A pink theater curtain, partially open.

Behind the Scenes of Engramo, Pt. 4

Vojtech Janda
Engramo English Blog
2 min readJun 21, 2021

--

Engramo English is a mobile learning app. It’s the smart solution for the English learner of the 21st century. You download it, open it, and it does its job — it teaches you English. But how does it actually work? What is hidden behind that nice & clean Dashboard?

Review Process

Over years of development, thousands of exercises have been created by our team, though some don’t make the cut and end up scrapped or recycled. Mostly, it’s the latter, though, because no one likes throwing away the result of their work and because modifying (sometimes heavily) canned exercises takes less time than creating new ones, which includes selecting suitable sentences from a corpus (you can read more about corpora here and here, importing them into our systems, etc. But how does an exercise end up on the scrap pile?
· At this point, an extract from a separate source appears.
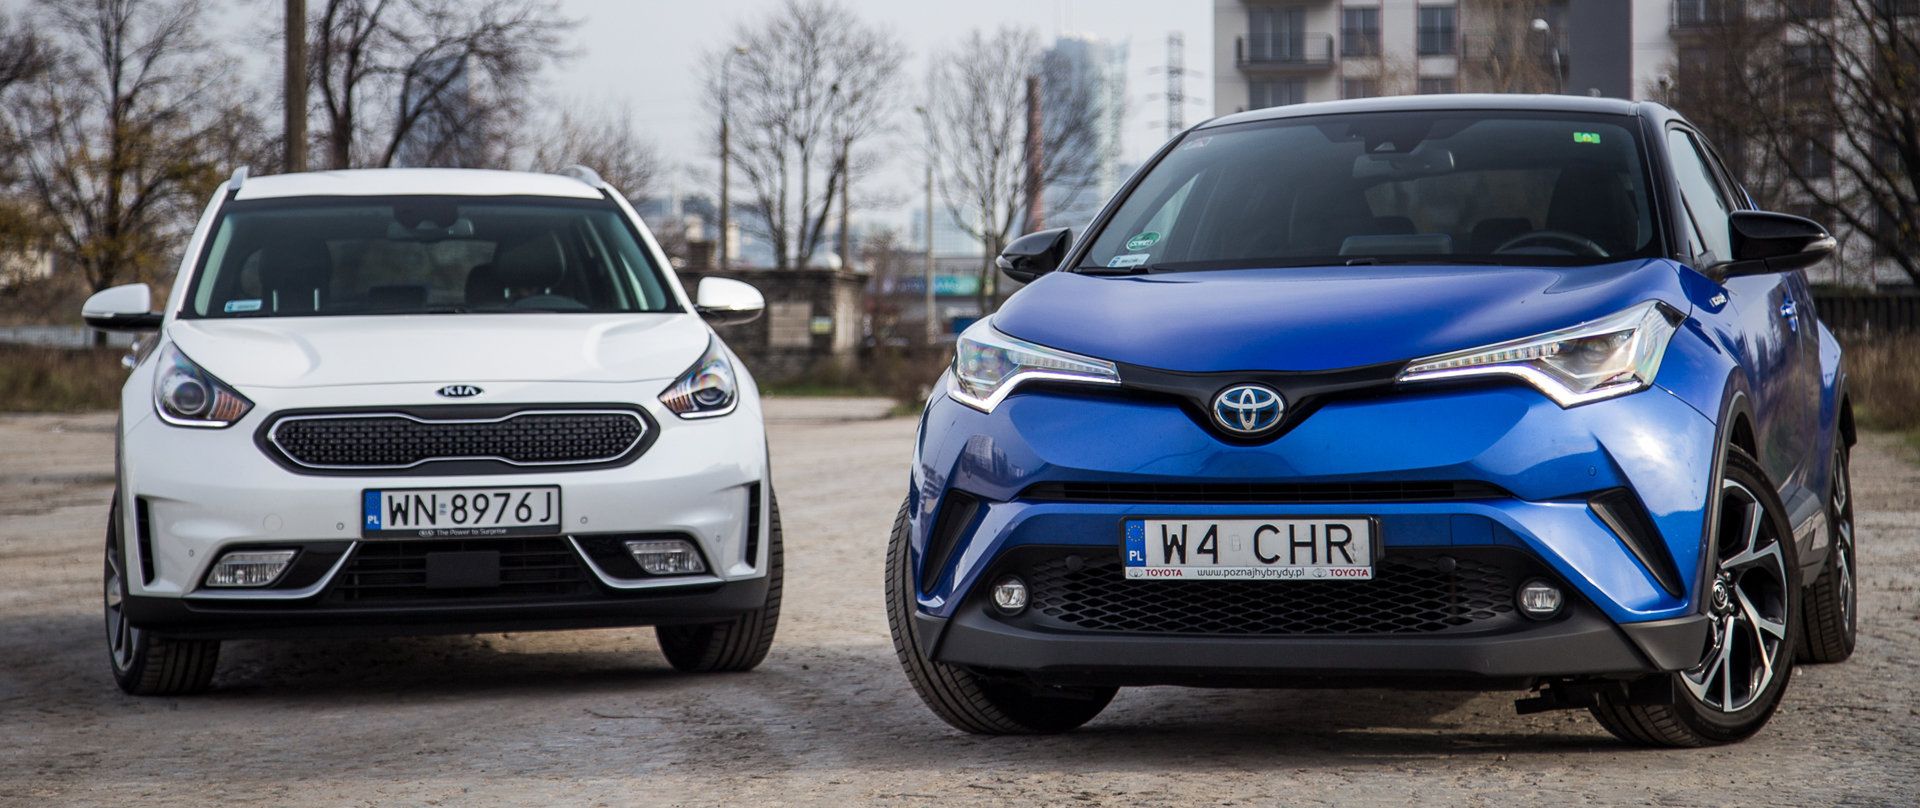 Test: Kia Niro Toyota C-HR - porównanie ceny, spalanie | Autokult.pl

First, a fellow Content Team member goes through my exercises and ranks their quality on a three-point scale. It’s either OK, to be modified, or to be redone completely. The reviewer also notes what’s wrong with the exercise so that I know what to focus on. When I’m done, the reviewer (hopefully) gives it an OK ranking at which point the exercise passes onto the test realm of the Engramo English app. There it has to pass two more rounds of review. Firstly, by a linguist for compliance with the GB and the actual state of the language “in the wild” and then also by a native speaker without specialisation in linguistics so that we know that it’s not just “technically correct”, but that it also “feels right” (this step resembles acceptability judgement tests common in linguistic studies). The main difference between these reviews and the first round with the rankings is that these reviewers access the exercise the same way a real user would, through the app as part of a mission, and this helps them tune into the authentic language experience and filter out the content that’s only “technically correct”. Only after these reviews are completed is the exercise published and made live.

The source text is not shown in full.